This is presumably because, although the capsule is disintegrated, the particles of compound 1 dispersed in the test solution are larger in the 20mg preparation than in the 1 to 10mg preparation. That is, this is because the concentration of compound 1 is high for a 20mg preparation, and therefore, the binding between particles cannot be sufficiently broken.
Therefore, in the case of a 20mg preparation, by further adding crystalline cellulose as an excipient (not added later) in an additional manner, the binding between the drug particles is prevented, and thereby the dissolution can be improved.
(preparation of preparation)
Examples 2 to 4 and 6
The components shown in table 4 (except for magnesium stearate) were put into a high-speed mixer-granulator and premixed. To the mixture was added purified water in an amount corresponding to 22% by weight (based on the ratio of the mixture), and the mixture was granulated with stirring and then dried under vacuum to obtain a dry powder. The dried powder was granulated by a granulator, and the obtained granulated powder and magnesium stearate were mixed by a mixer to obtain a blended powder.
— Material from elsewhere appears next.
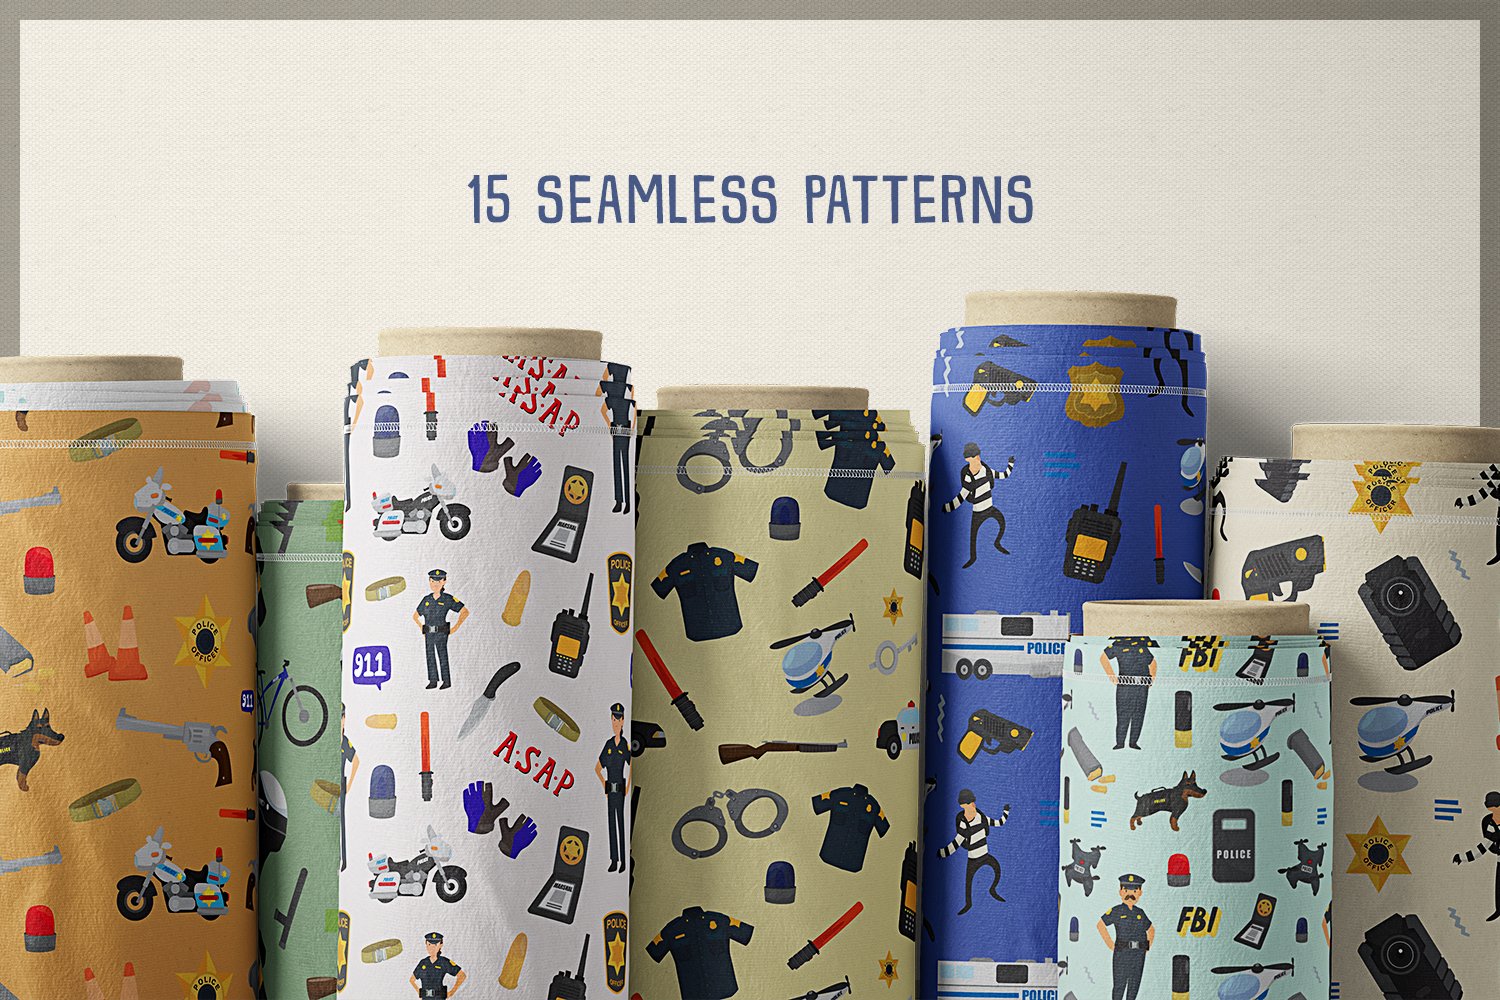 The blue lettering "15 seamless patterns" on a grey background and 7 different rolls with images of police elements.
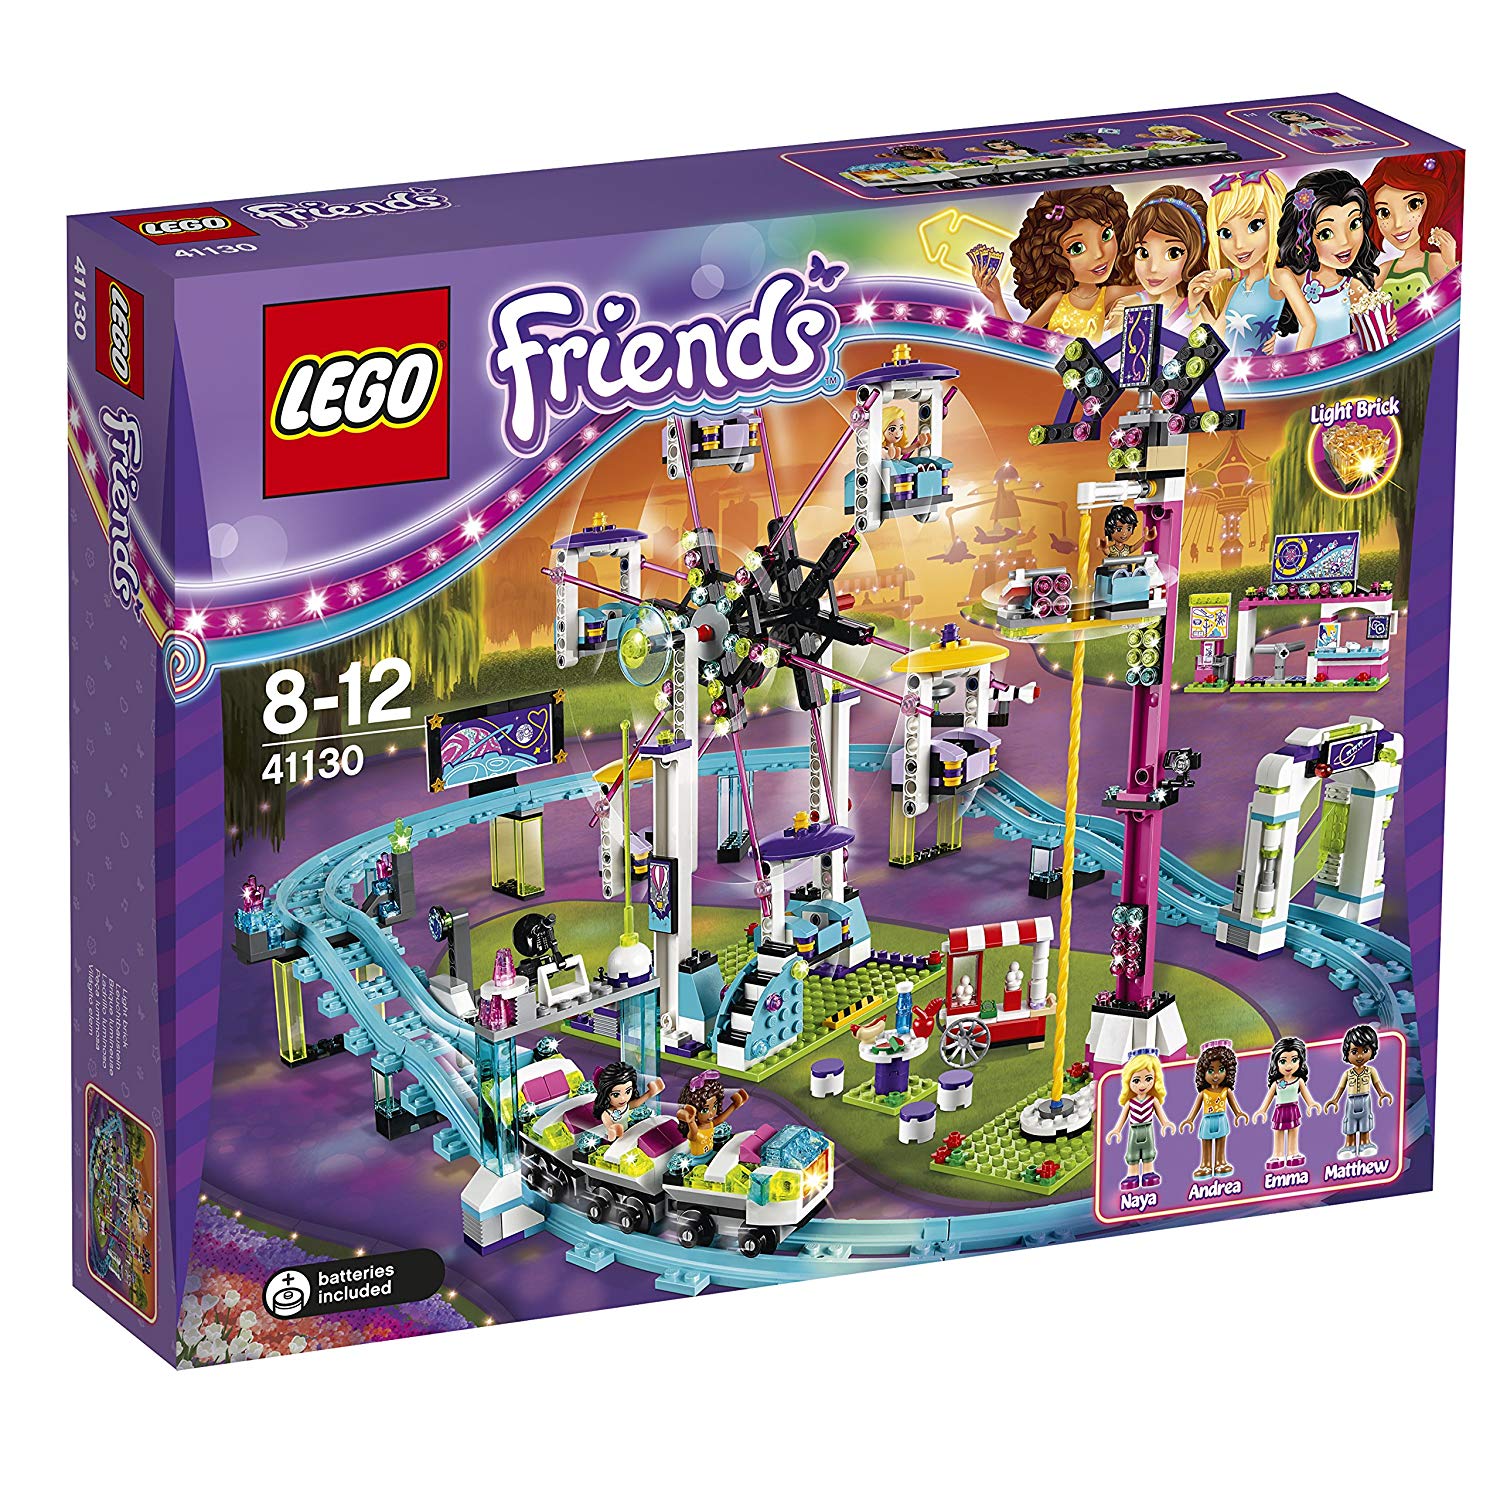 Lego Friends Large Amusement Park Toy For Boys And Girls

The blended powder is filled into capsules to produce capsules.
Example 5
Each of the components shown in Table 4 (except for crystalline cellulose (added (or not added)) and magnesium stearate) was put into a high-speed stirring mixer-granulator and premixed. Purified water was added to the mixture in an amount corresponding to 23 wt% (based on the mixture ratio), and the mixture was granulated by stirring and then dried under vacuum to obtain a dry powder. The dried powder was granulated by a granulator, and the obtained granulated powder, crystalline cellulose (added) and magnesium stearate were mixed by a mixer to obtain a blended powder. The blended powder is filled into capsules to produce capsules.
(formulation evaluation)
In examples 2 to 5 and 6, 900mL of the Japanese pharmacopoeia dissolution test solution 1 containing 1% of polyoxyethylene (10) octylphenyl ether was used as a test solution, and dissolution curves when the test was performed at 75 rpm by the Japanese pharmacopoeia dissolution test paddle method are shown in FIGS. 1 and 2.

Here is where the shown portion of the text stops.